In the data below, find the line with "Koszula + kamizelka" and output it along with every later line, exactly, but not the pictures.

**** Information provided ****

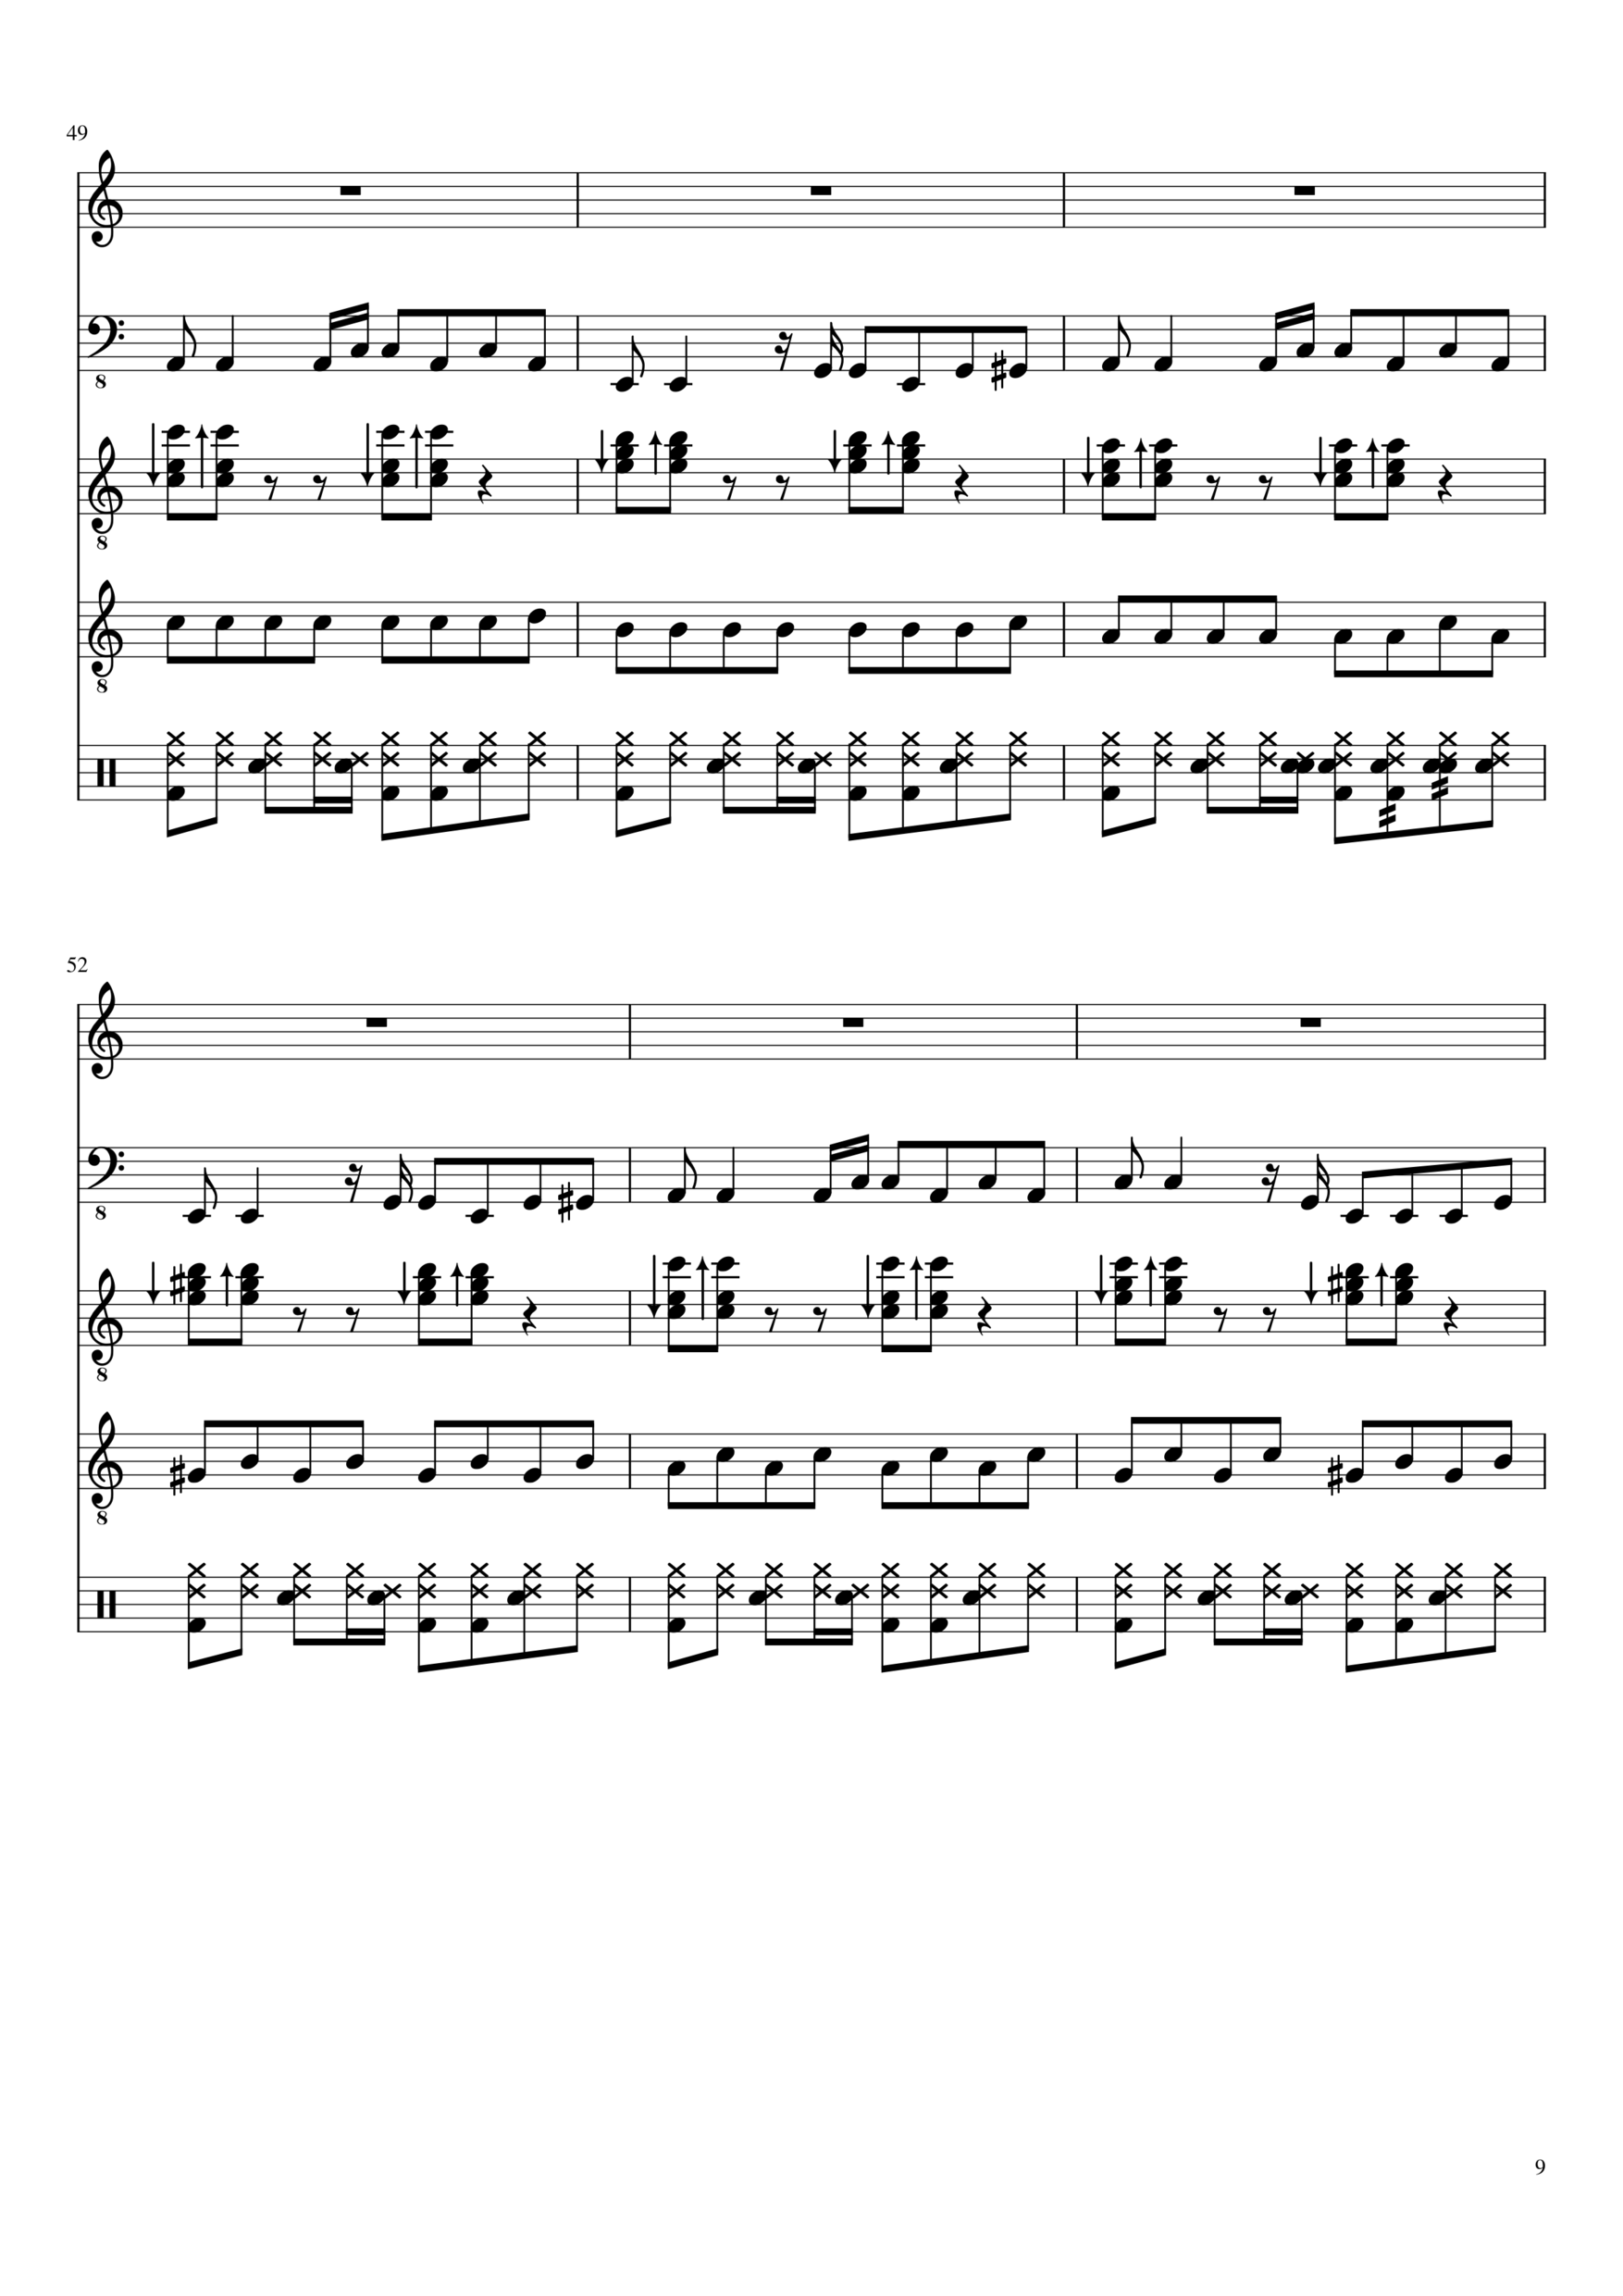 Vechnaya lyubov slide, Image 9
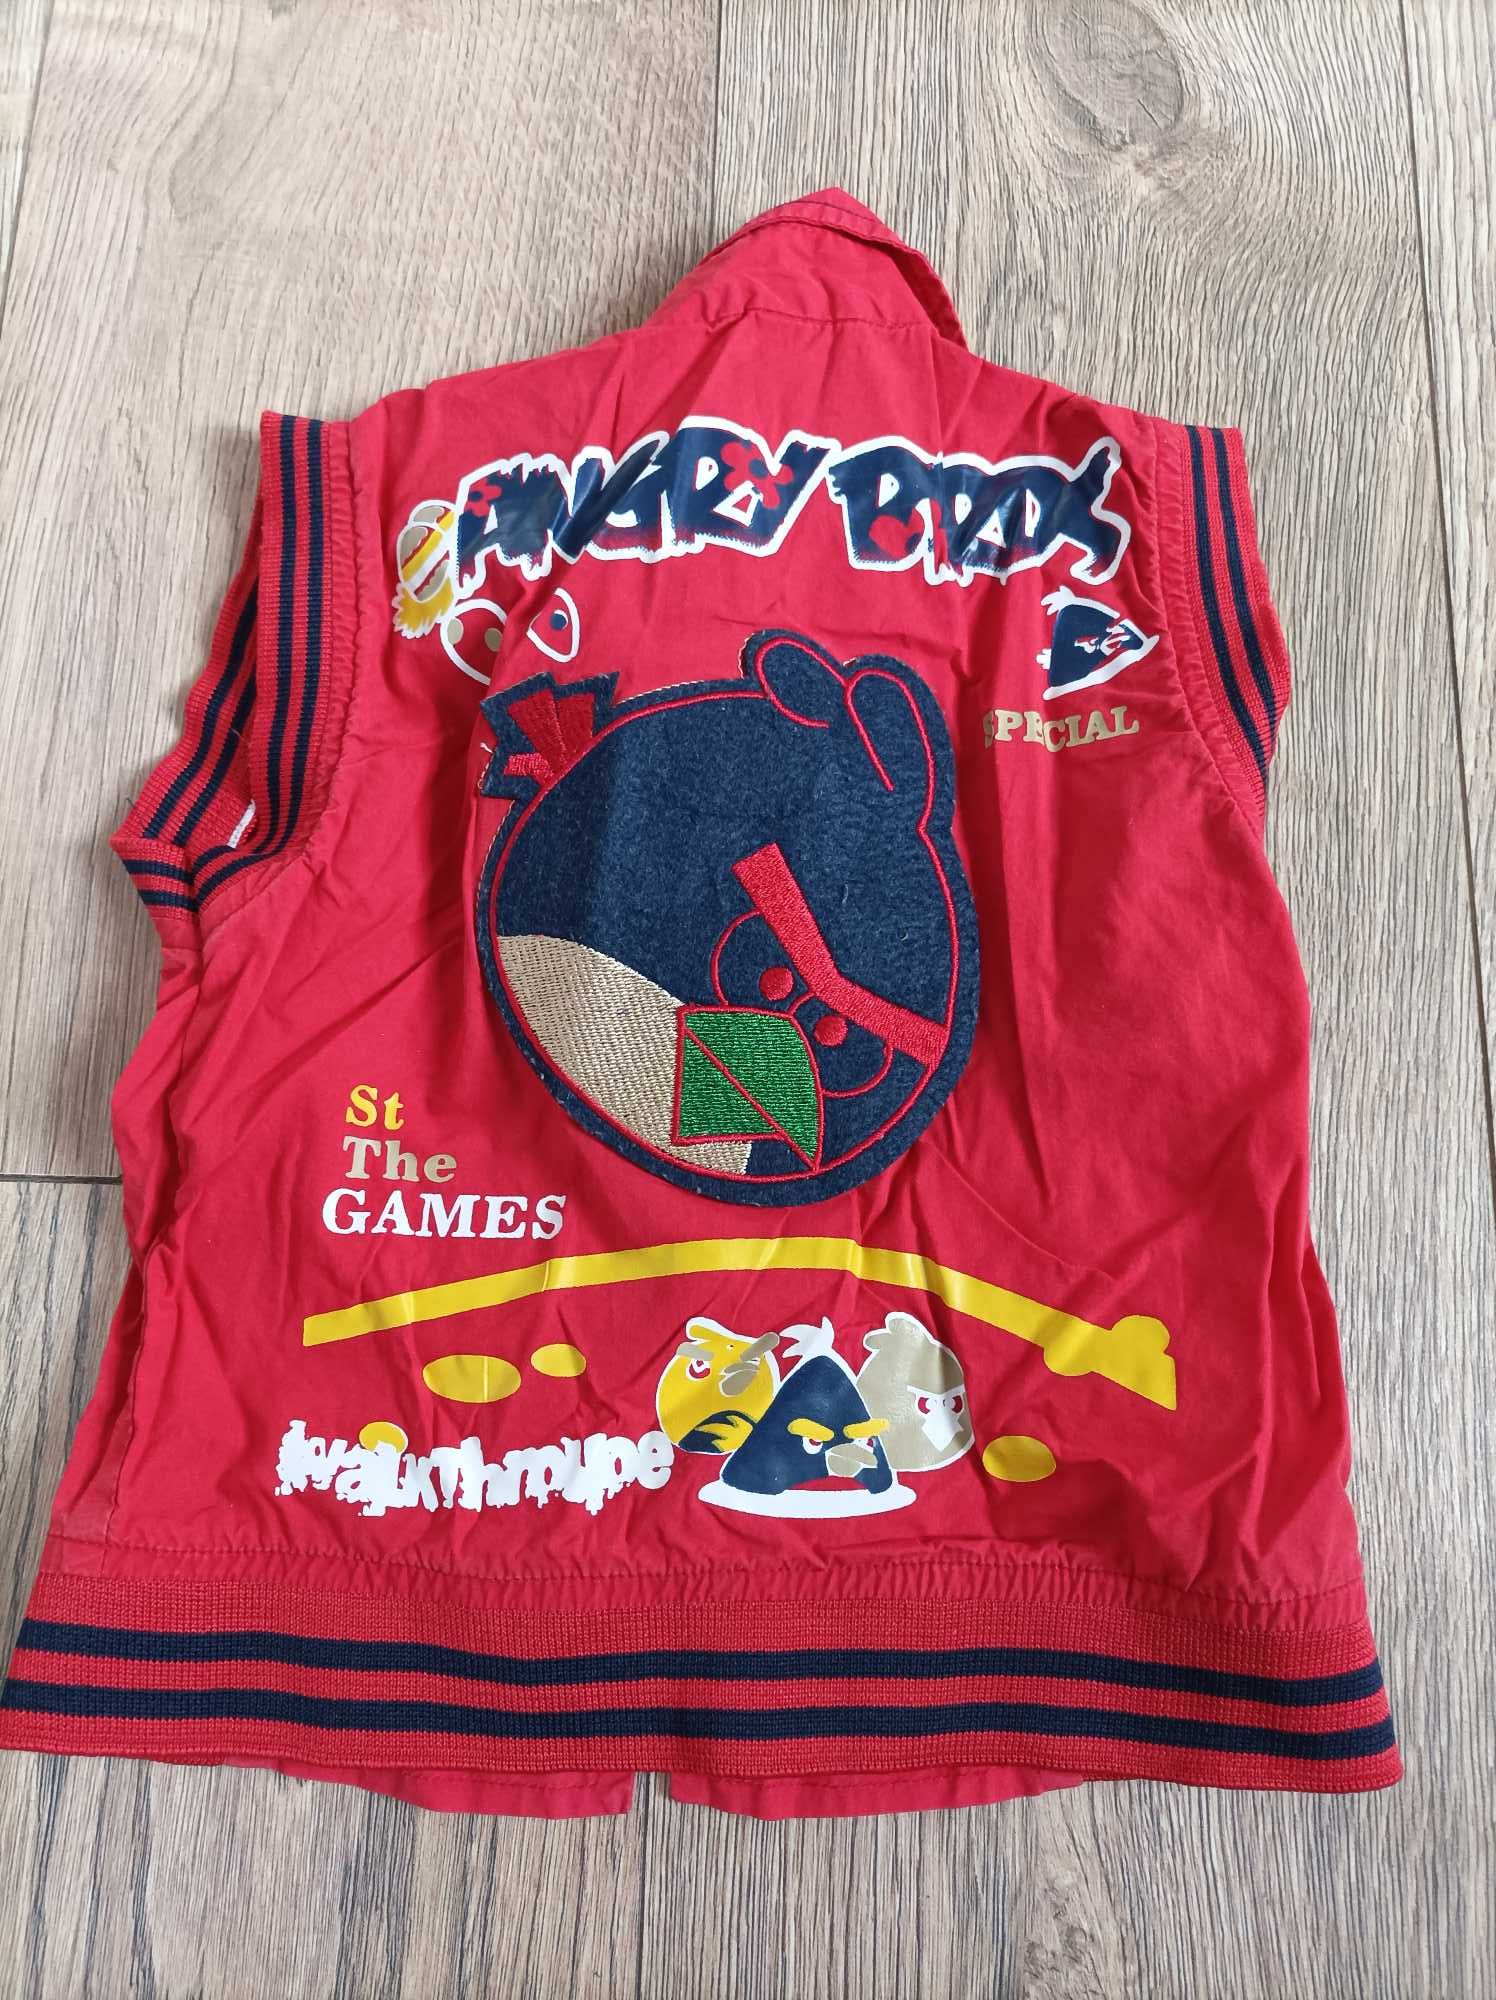 Koszula + kamizelka rozm 80/86 Lilliput, Angry Birds
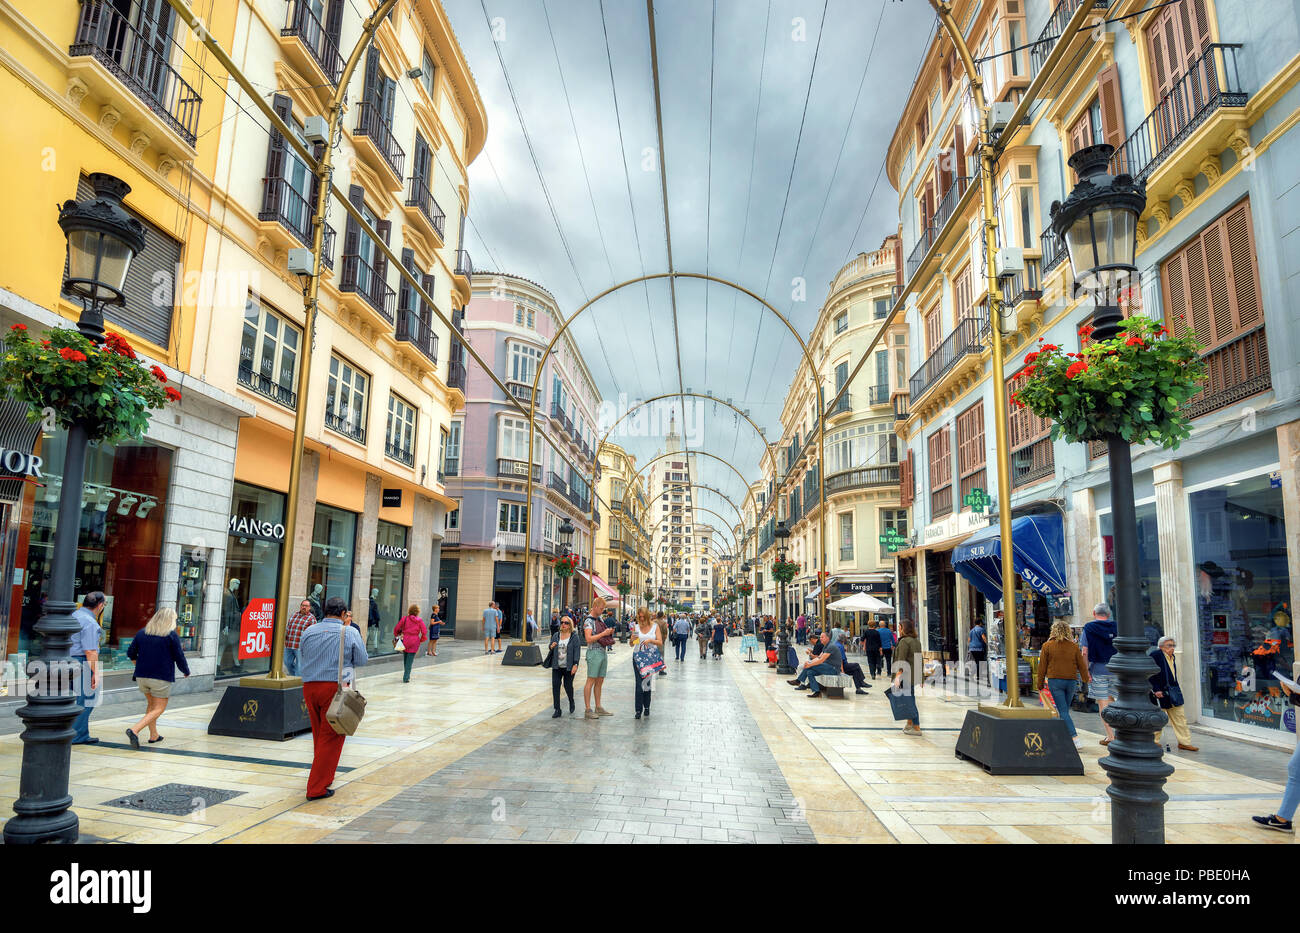 Avis de marques de Larios rue principale avec des boutiques, un café et quelques personnes dans le centre-ville commercial. Malaga, Espagne Banque D'Images

****

=== Output for this exercise ===
 Koszula + kamizelka rozm 80/86 Lilliput, Angry Birds
 Avis de marques de Larios rue principale avec des boutiques, un café et quelques personnes dans le centre-ville commercial. Malaga, Espagne Banque D'Images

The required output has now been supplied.